═══ Extracted information ═══
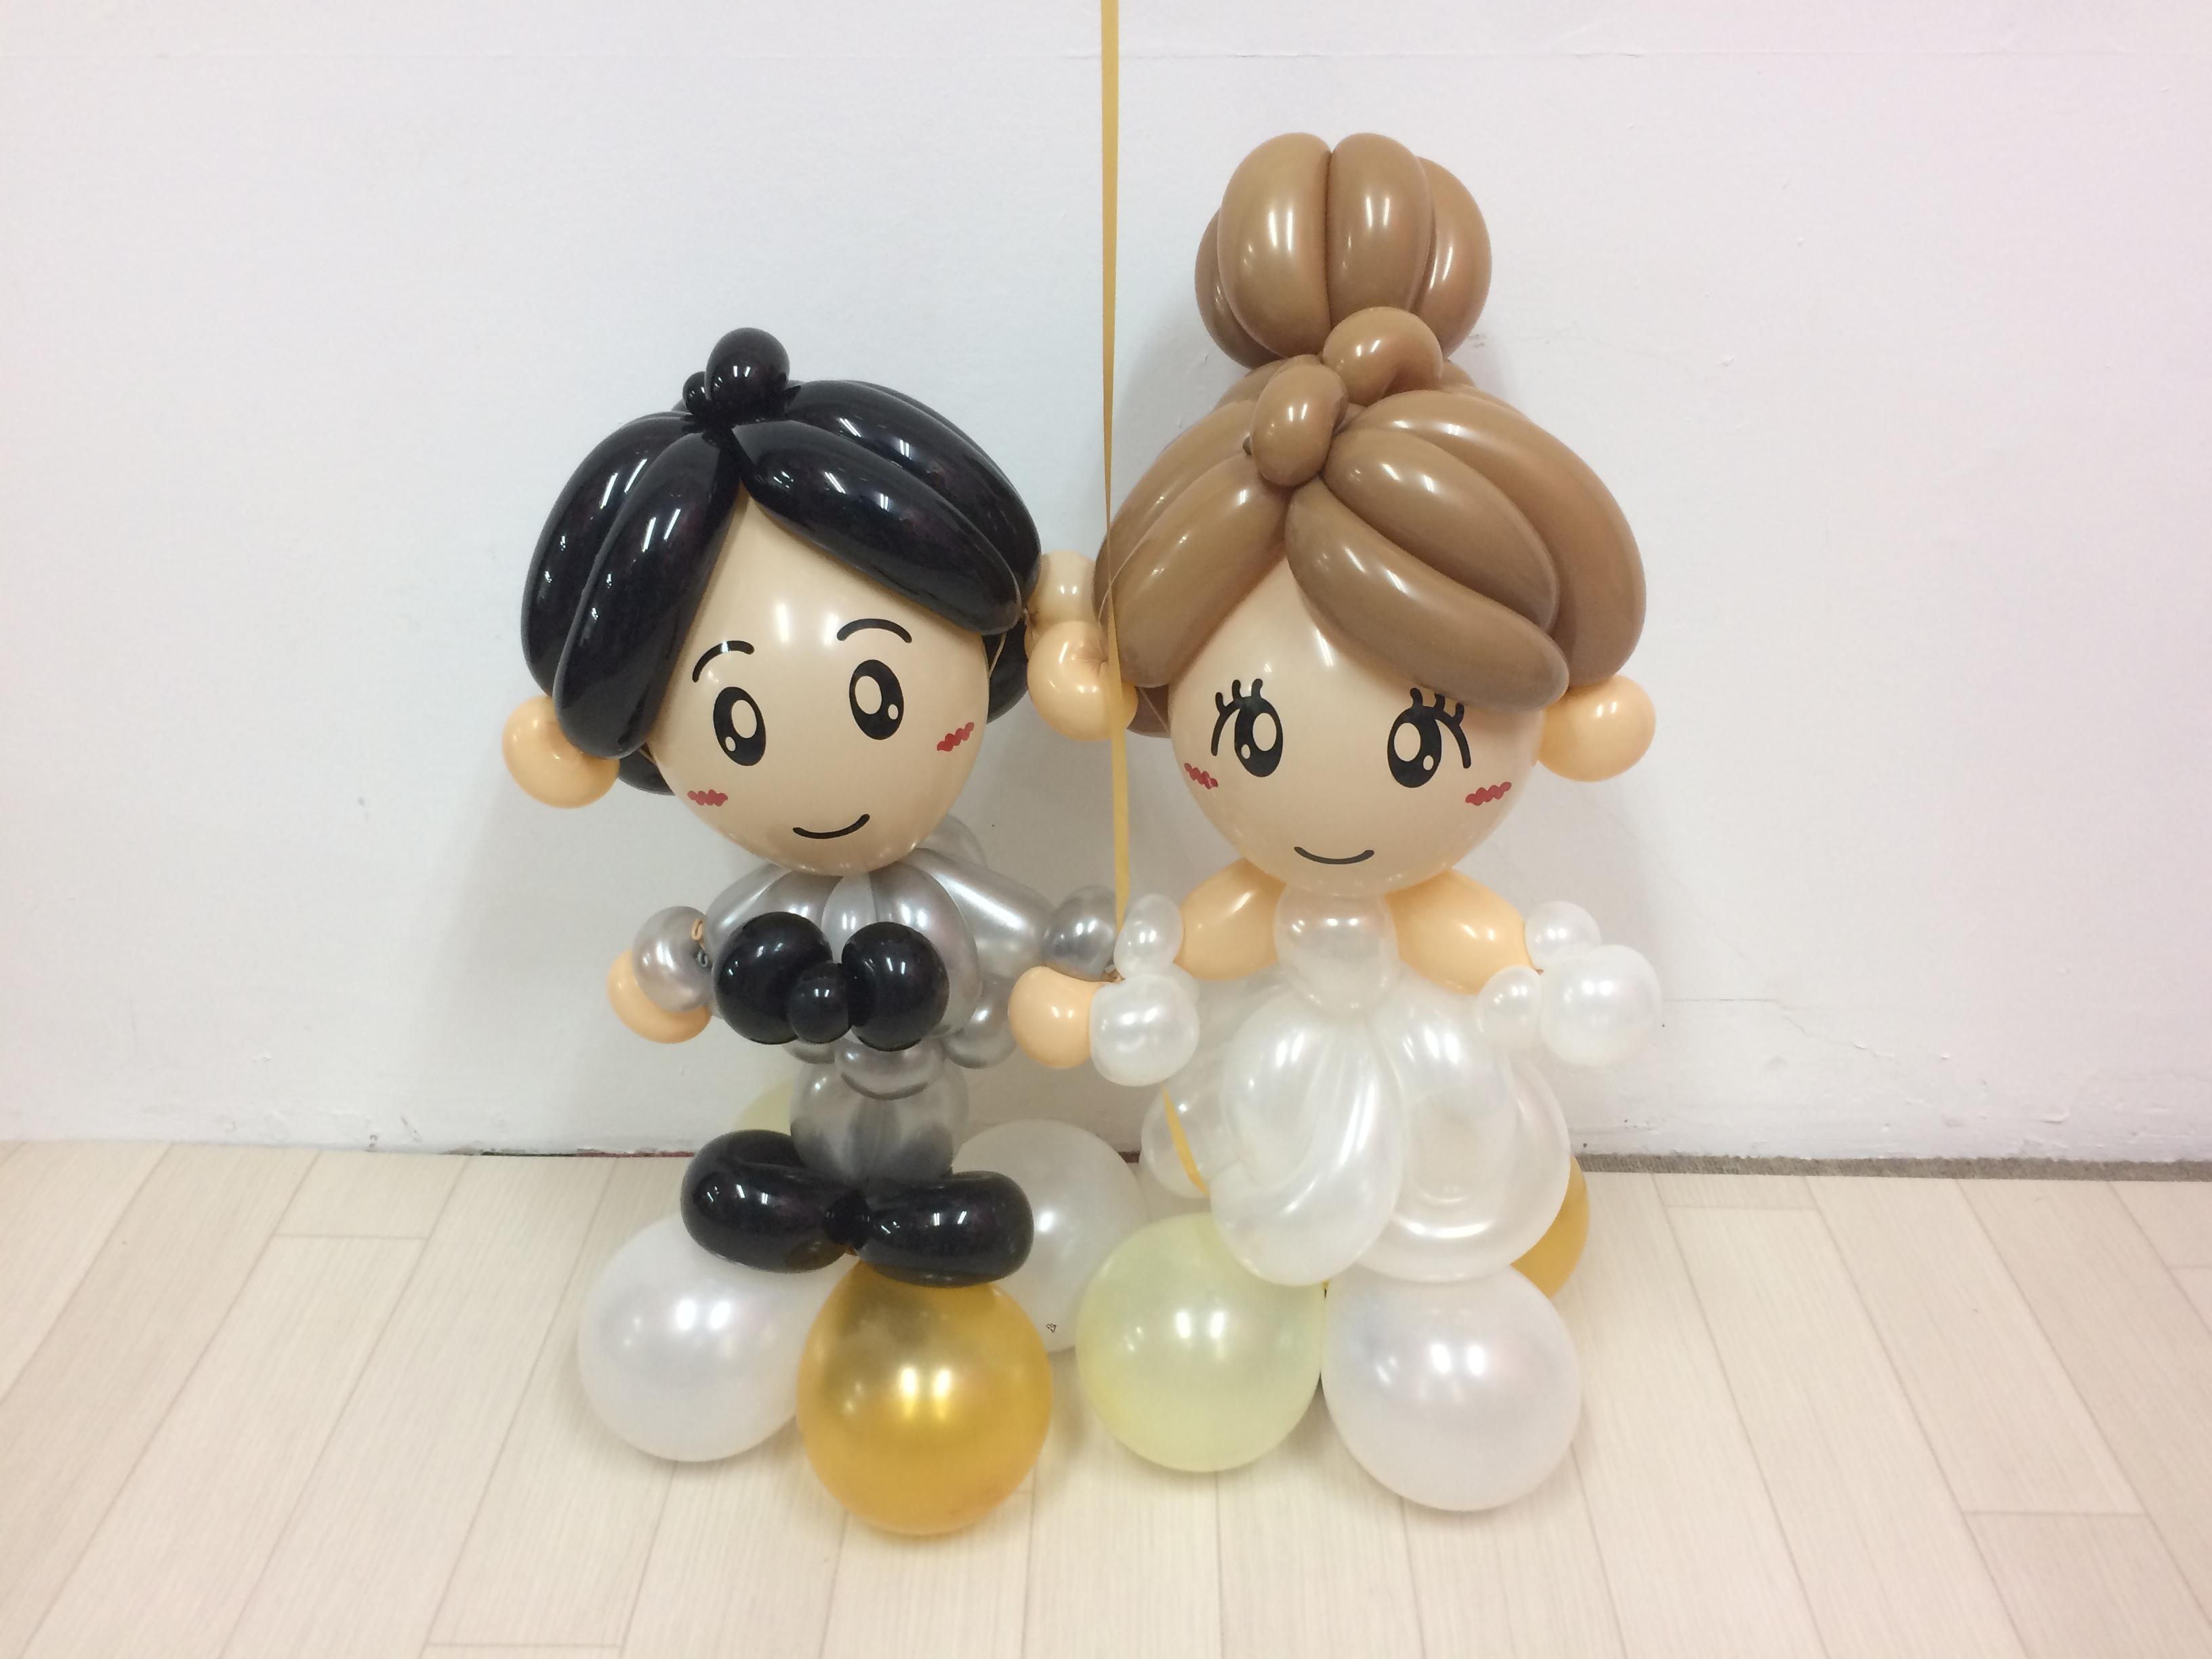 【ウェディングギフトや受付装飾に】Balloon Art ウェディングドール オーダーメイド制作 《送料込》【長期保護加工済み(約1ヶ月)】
═══
═══ Extracted information ═══
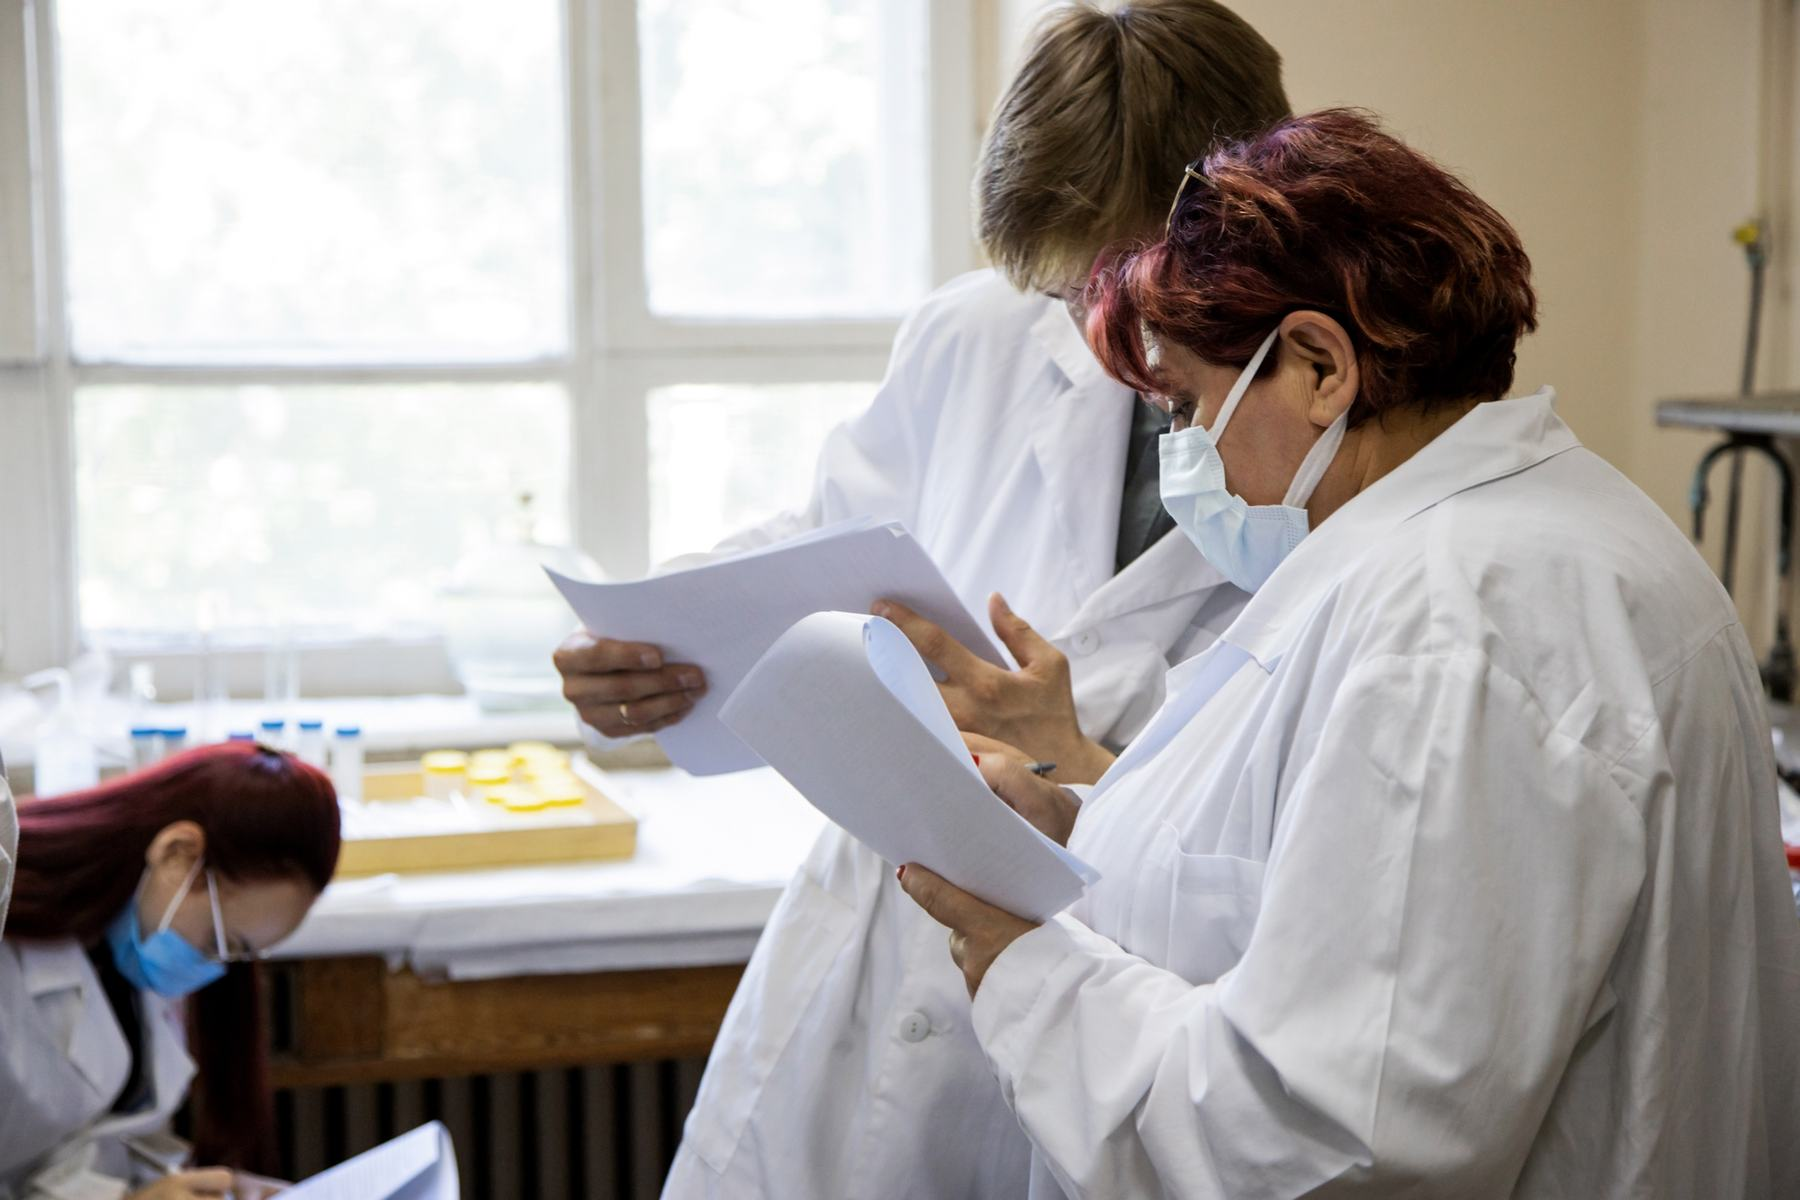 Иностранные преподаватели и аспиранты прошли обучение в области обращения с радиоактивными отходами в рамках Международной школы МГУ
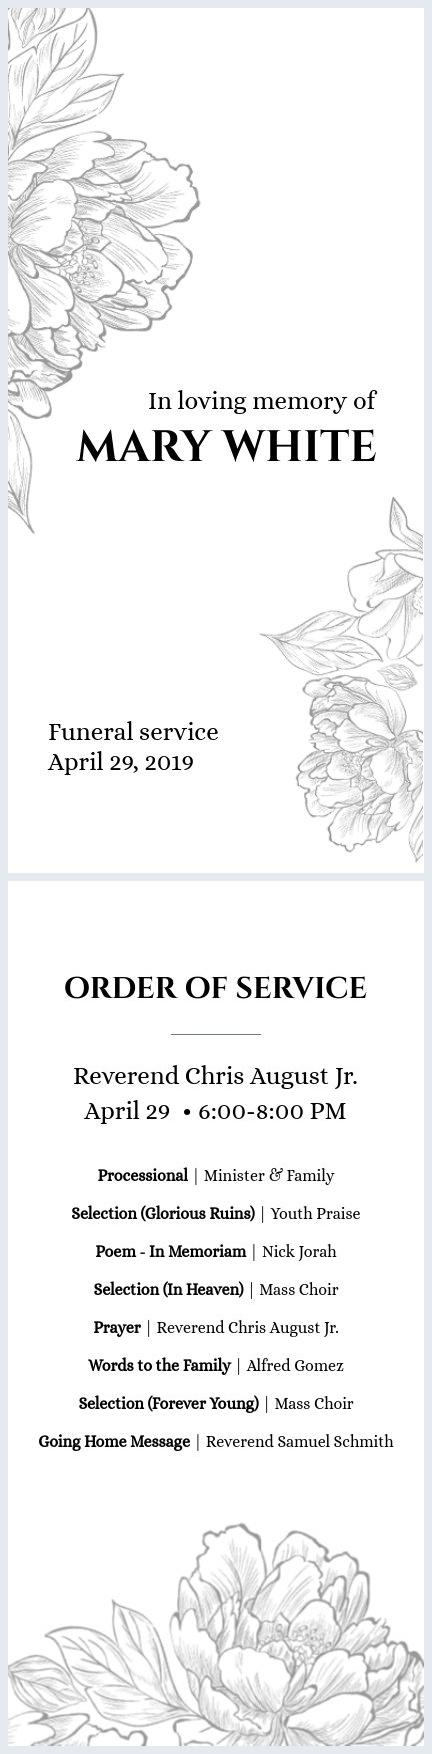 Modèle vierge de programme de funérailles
═══
═══ Extracted information ═══
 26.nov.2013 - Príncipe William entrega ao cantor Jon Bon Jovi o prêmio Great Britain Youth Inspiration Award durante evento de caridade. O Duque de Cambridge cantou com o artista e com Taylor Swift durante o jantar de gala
═══
(Instructions to follow) Word for word, repeat the lines above from the one with "Иностранные преподаватели и" through the one with "Modèle vierge de programme de funérailles", and nothing beyond them. Omit the pictures.

(Written response)
 Иностранные преподаватели и аспиранты прошли обучение в области обращения с радиоактивными отходами в рамках Международной школы МГУ
 Modèle vierge de programme de funérailles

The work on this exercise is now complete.